_PROVIDED DATA_
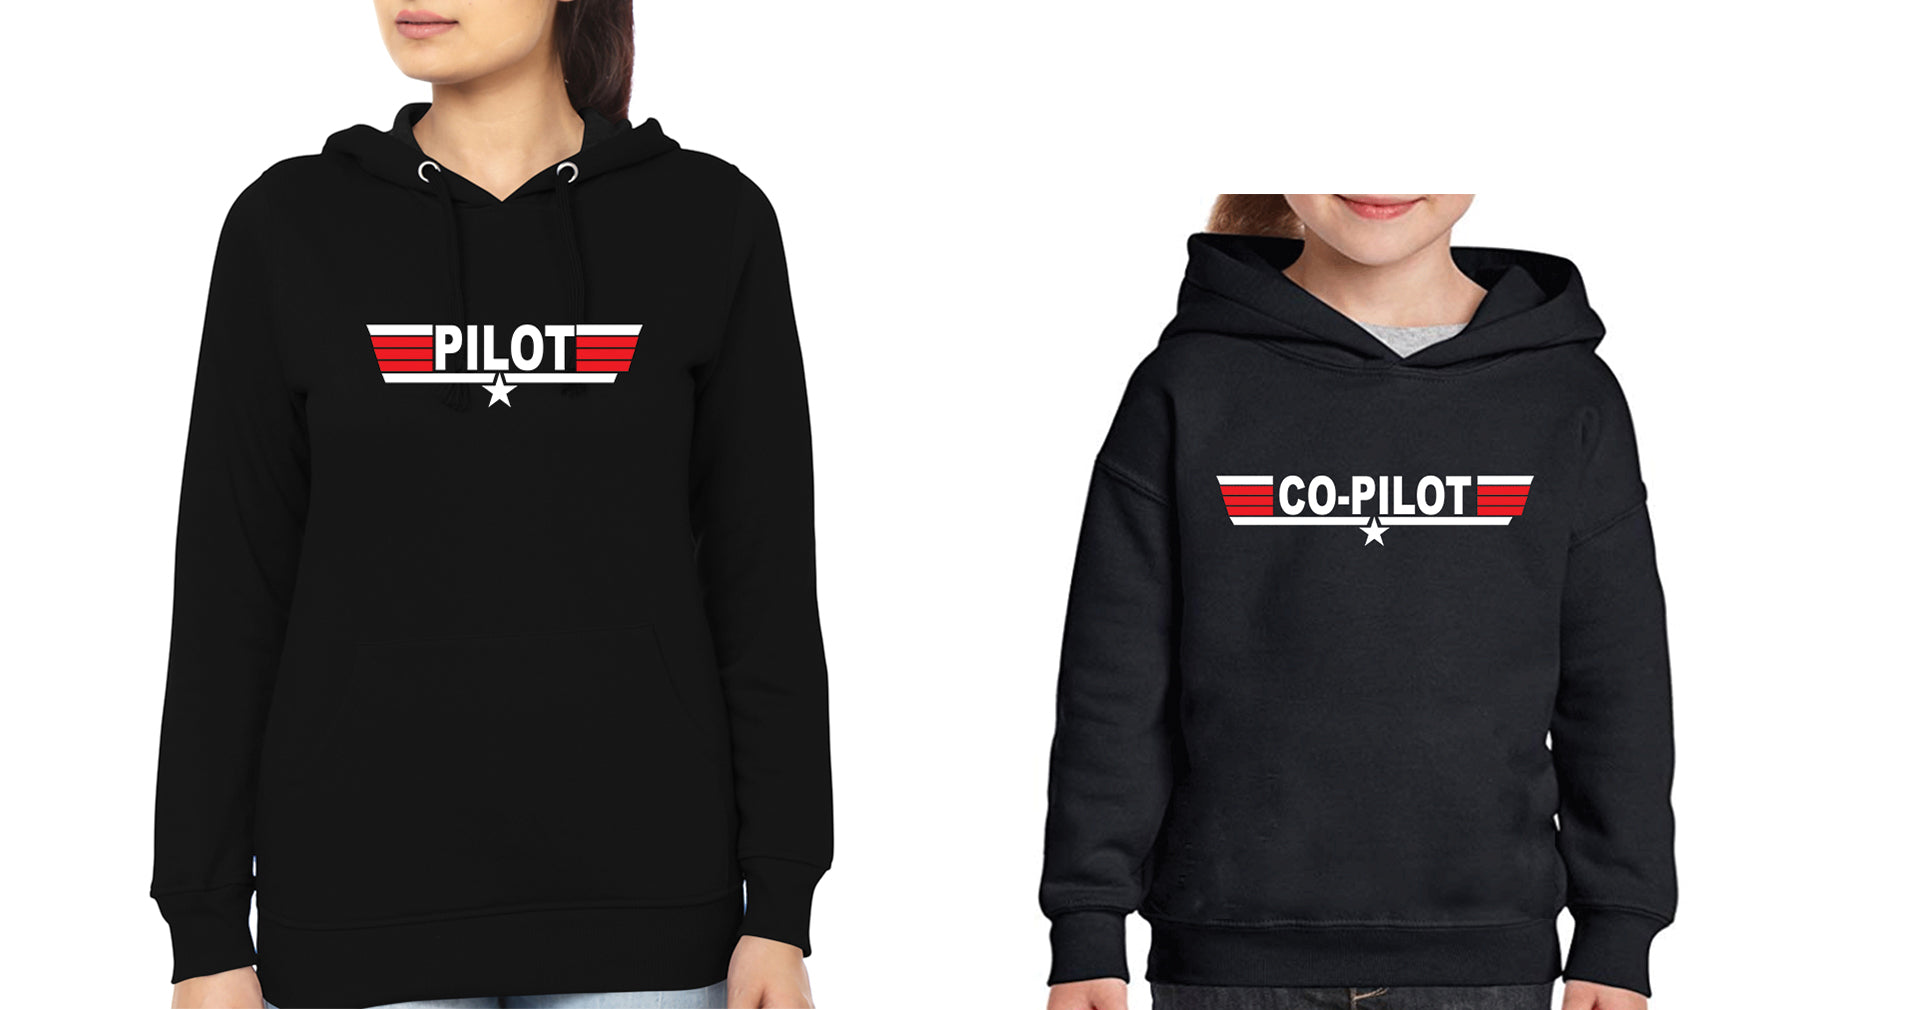 Pilot & Co-Pilot Mother and Daughter Matching Hoodies- FunkyTradition
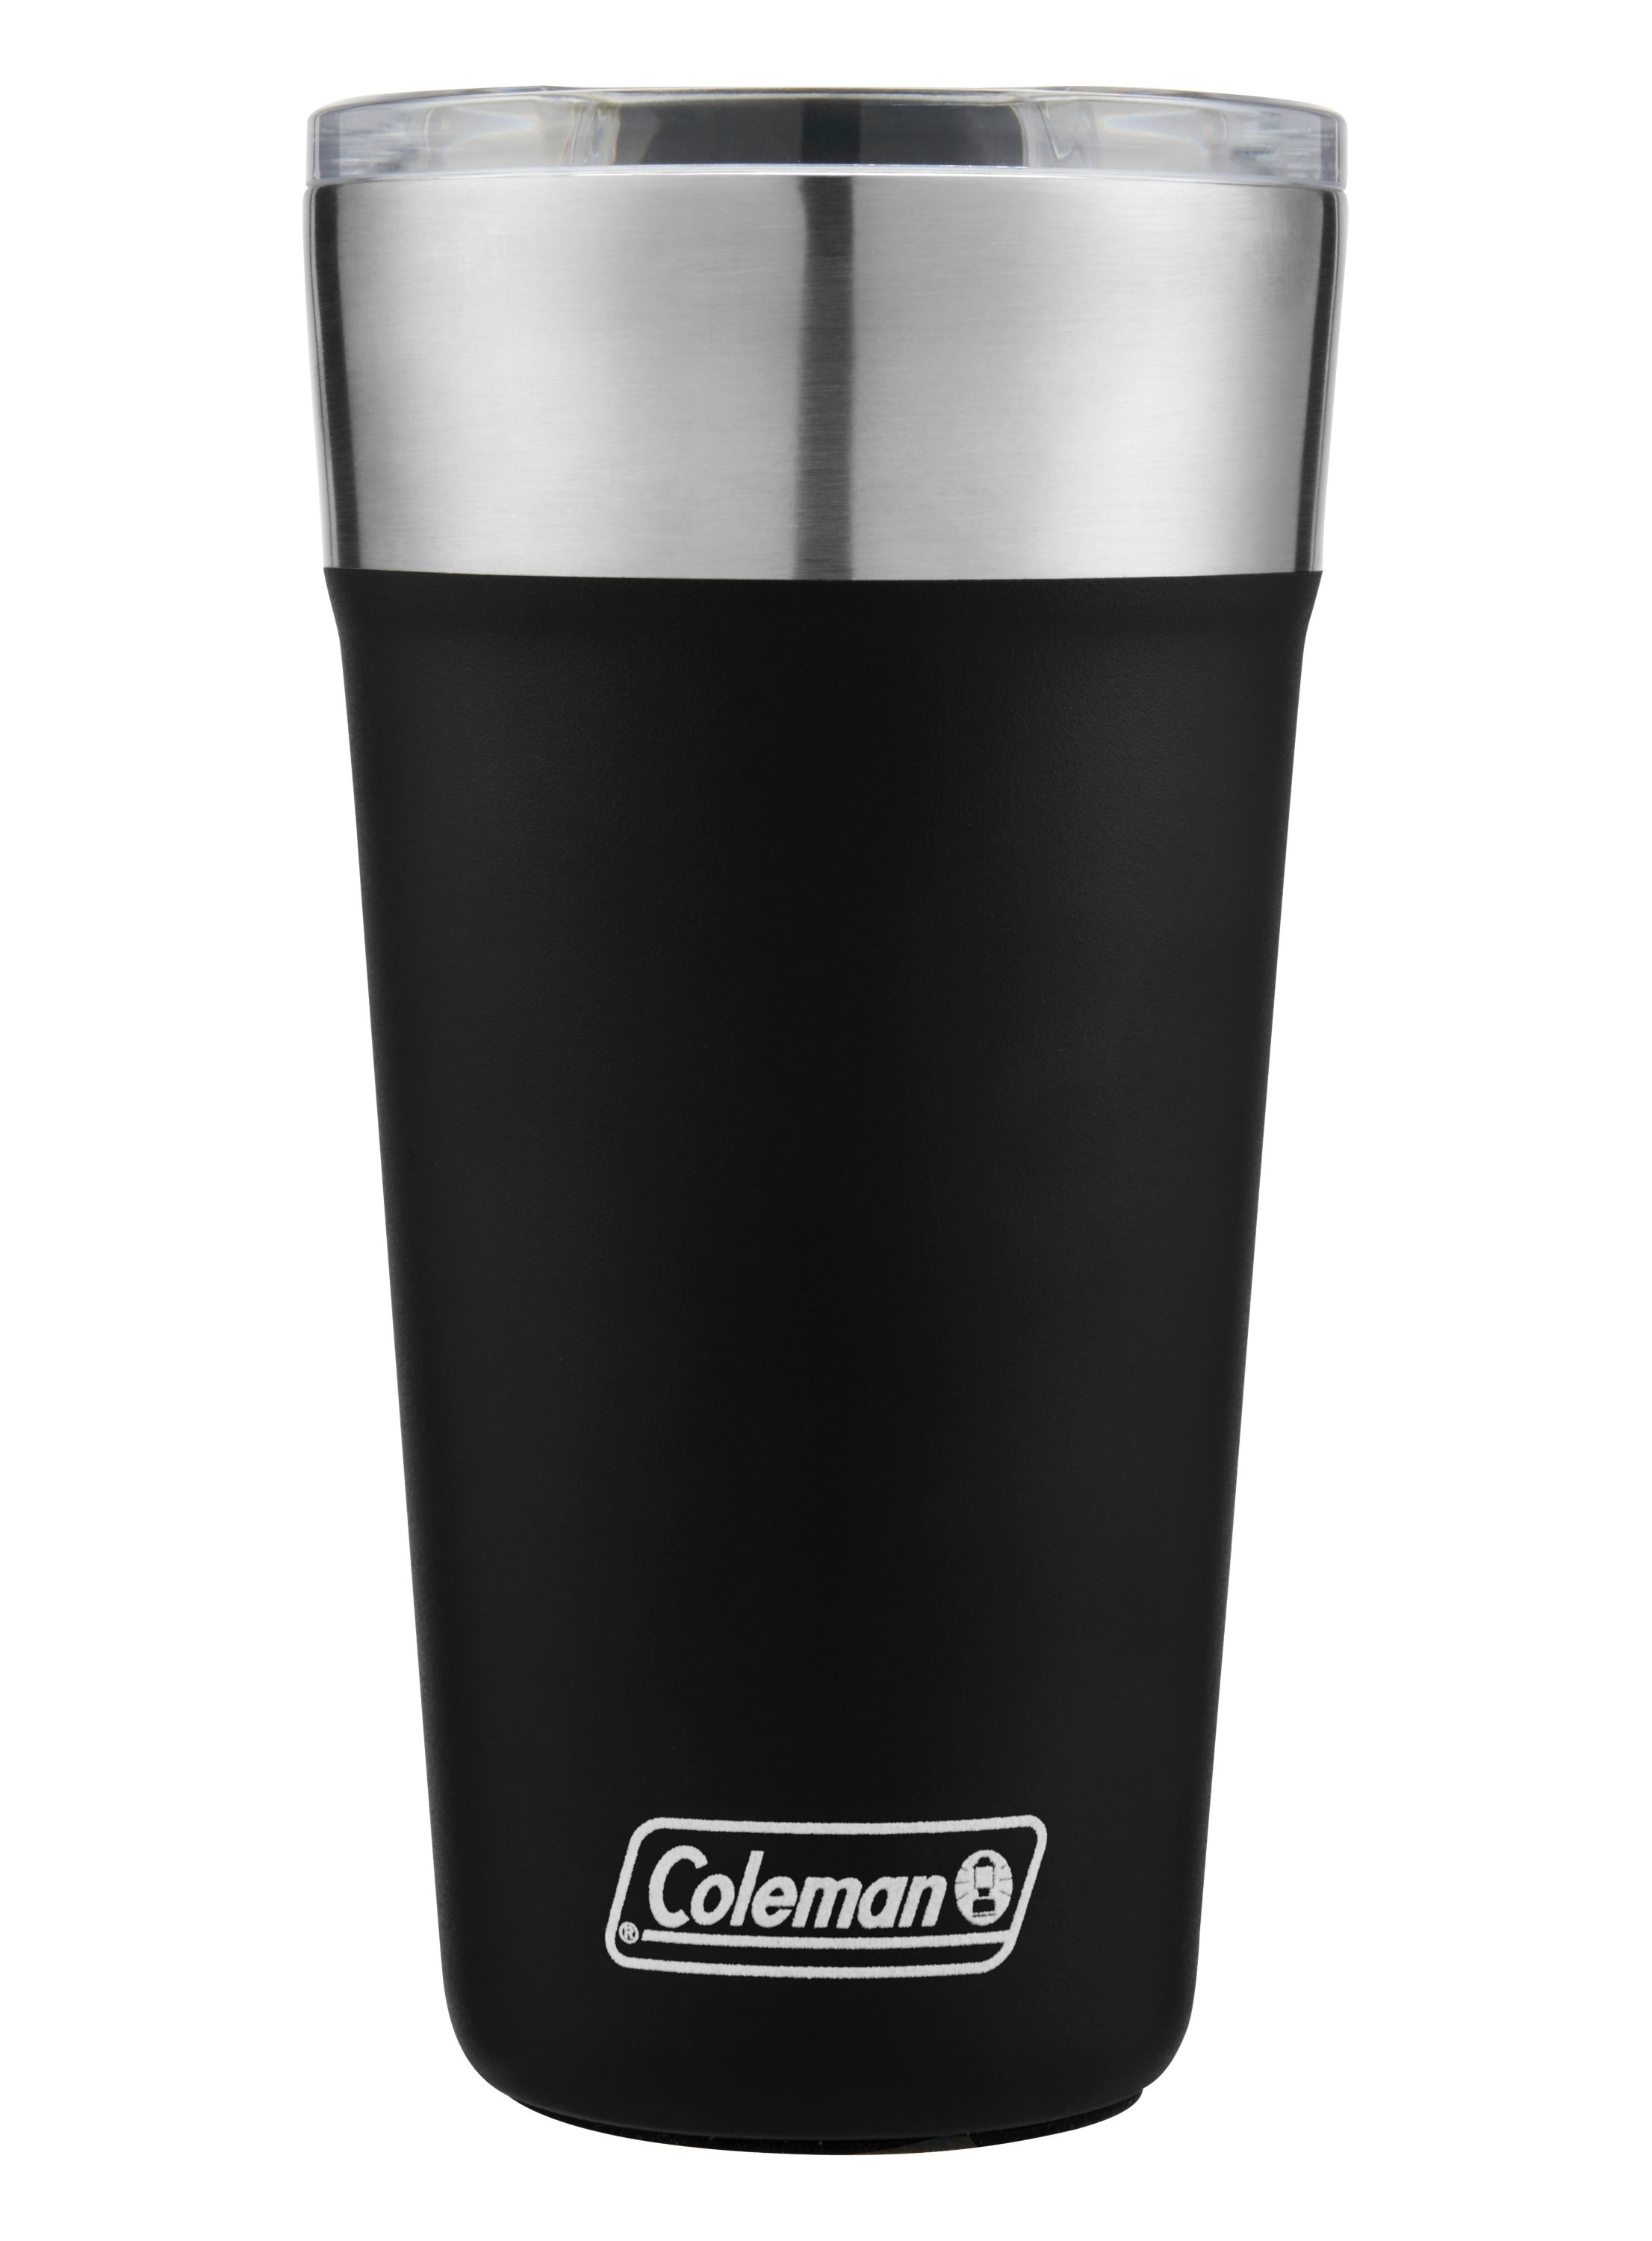 Coleman Cloud Stainless Steel Insulated Tumbler, 20 Oz.
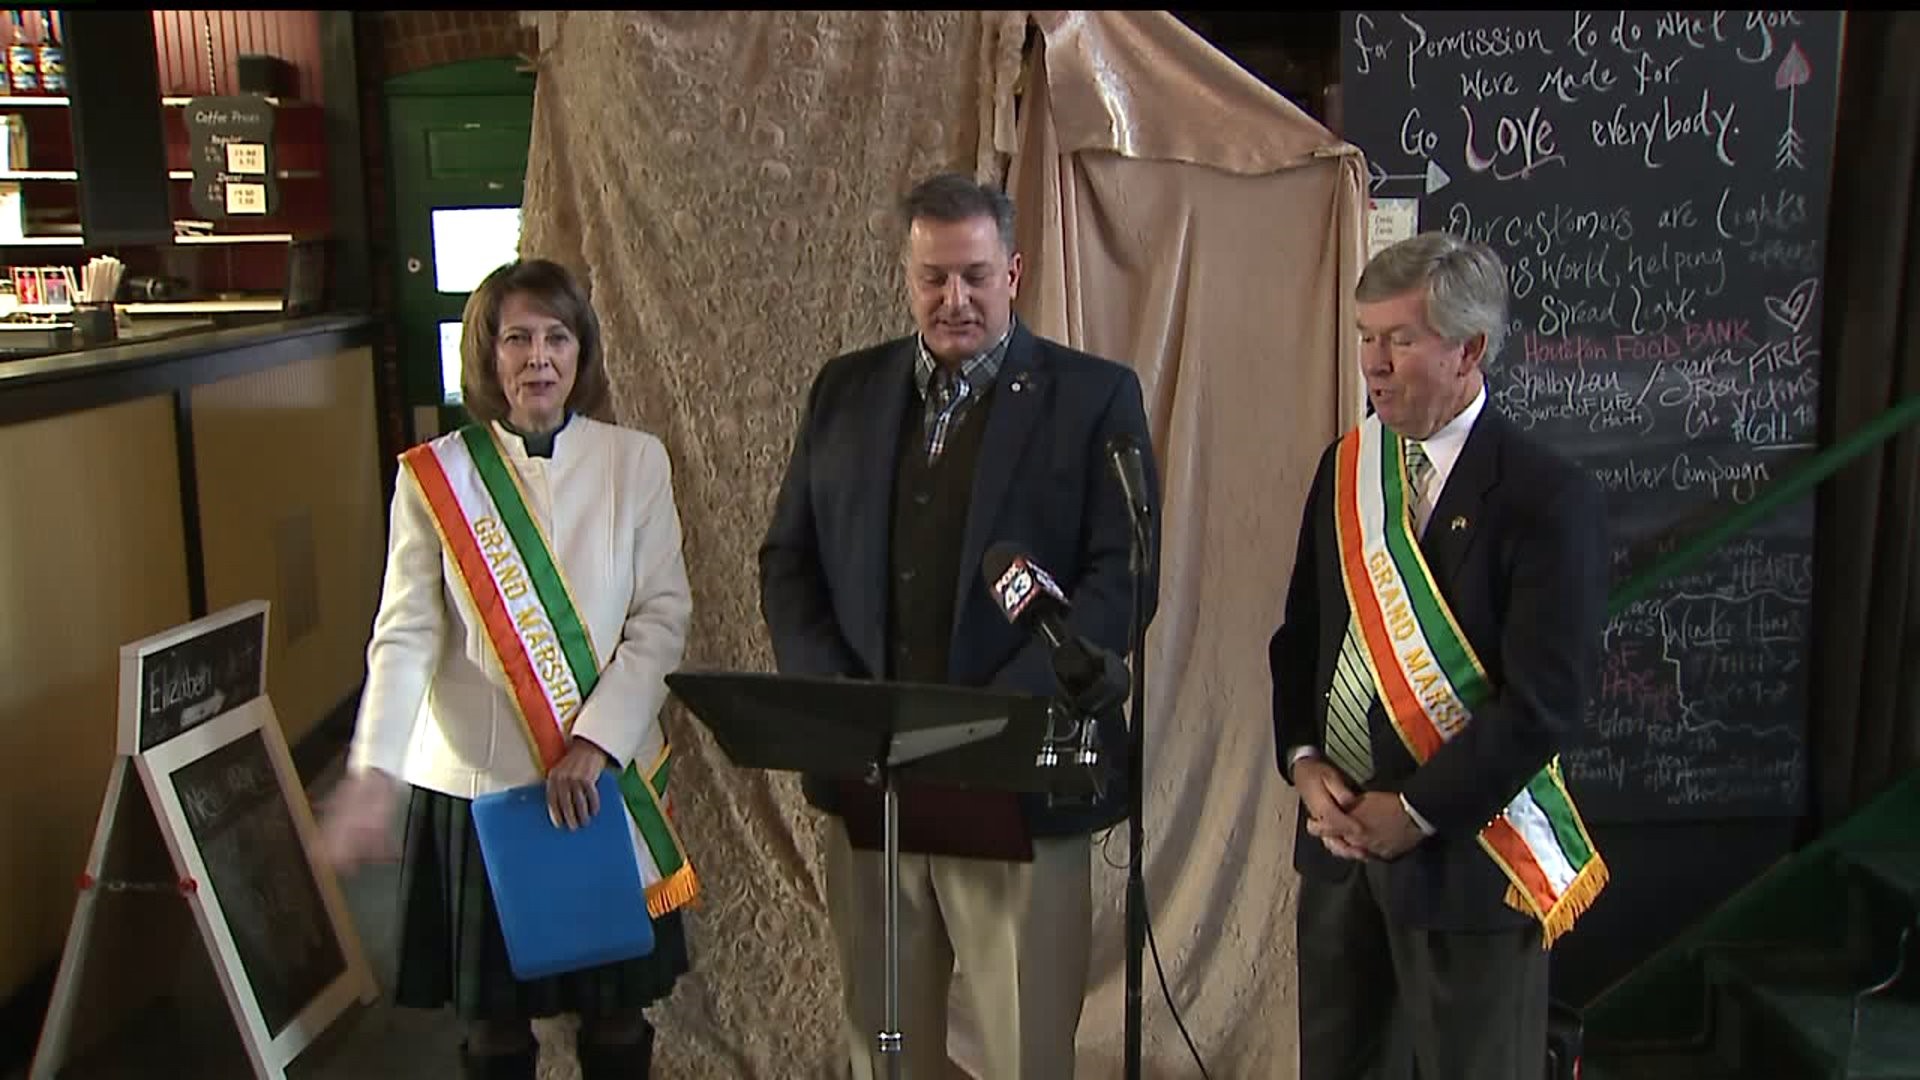 York City St. Patrick Day announcement
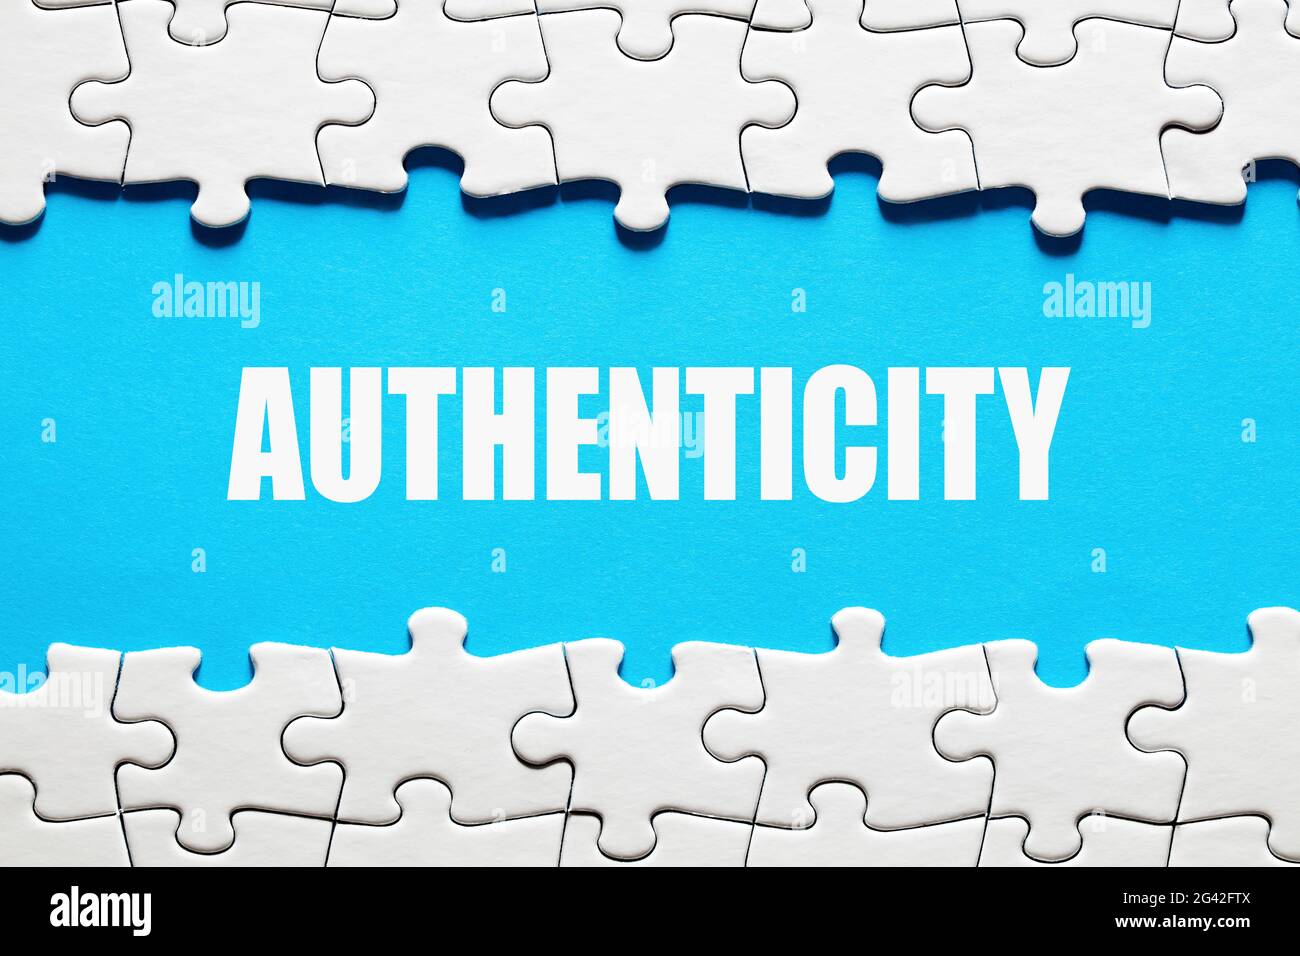 The word authenticity on blue background framed by jigsaw puzzle pieces. To discover or reveal the truth, reality or reliability concept. Stock Photo

_EXERCISE DETAILS_
Would you output the data exactly, without any of its images?

_EXERCISE ANSWER_
 Pilot & Co-Pilot Mother and Daughter Matching Hoodies- FunkyTradition
 Coleman Cloud Stainless Steel Insulated Tumbler, 20 Oz.
 York City St. Patrick Day announcement
 The word authenticity on blue background framed by jigsaw puzzle pieces. To discover or reveal the truth, reality or reliability concept. Stock Photo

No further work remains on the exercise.